Здесь, освещенные месяцем, сидели Надя, Софья Васильевна и Печкин.
— Посидели и будет! — повторил Павел Иваныч, боясь забрюзжать при публике, но все-таки с признаками некоторого раздражения в голосе.
— Пожалуйста, минуточку! — утомленно пролепетала Софья Васильевна.
— Да по мне, я говорю, — все одно. Только что нехорошо. Посидели — и довольно. Что торчать-то?..
— Да что же все в духоте? Господи! — как-то раздраженно сказала Софья Васильевна.
— В духоте, в духоте! — забормотал уже обыкновенным голосом Павел Иваныч: — а вот как что-нибудь случится, вот… и будет «в духоте». Ишь! вон какие шатаются! Ну чего торчать-то? Посидели, чего еще? Ну и пора. Ишь, вон какие шлюхи, ей-богу…
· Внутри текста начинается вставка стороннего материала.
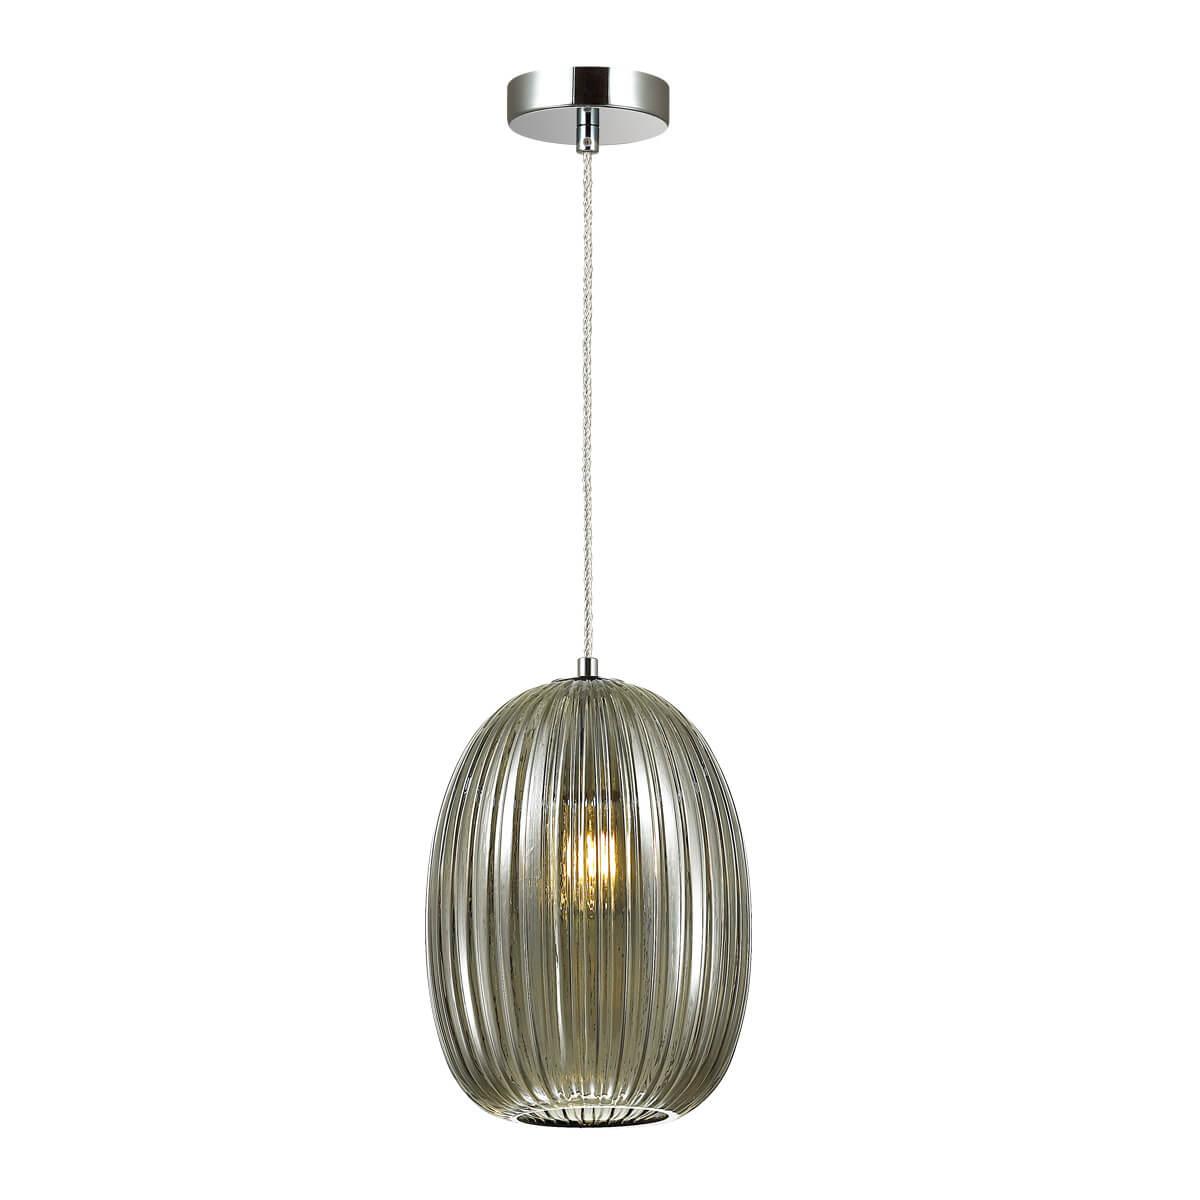 Светильник Odeon Light 4702/1 Pendant светильник odeon light 4702 1 dori

— Павел Иваныч! Да неужели, в самом деле, лучше сидеть в душной комнате, чем здесь? — начала было Надя; но Печкин, взбесившийся вконец, перебил ее:
— Да, вот мы тут будем умудряться: «ужели», «неужели», а вот как случится что-нибудь… Вот и «неужели» будет.
— Что же случится?
— Да, вот мы тут самое место нашли рассуждать! Самое настоящее место, очень нужно! Ведь, кажется, довольно посидели? Ну что хорошего? Ишь, вон какие шкуры…
Ему не отвечали.
Как ни была разбита голова Уткина в настоящую минуту, однако и в ней нашлось несколько доводов против того, что весьма глупо запрещать человеку дышать чистым воздухом на основании того, что кто-то шляется и что может случиться какая-то дичь. Он понял, что кто-то почему-то притесняет другого.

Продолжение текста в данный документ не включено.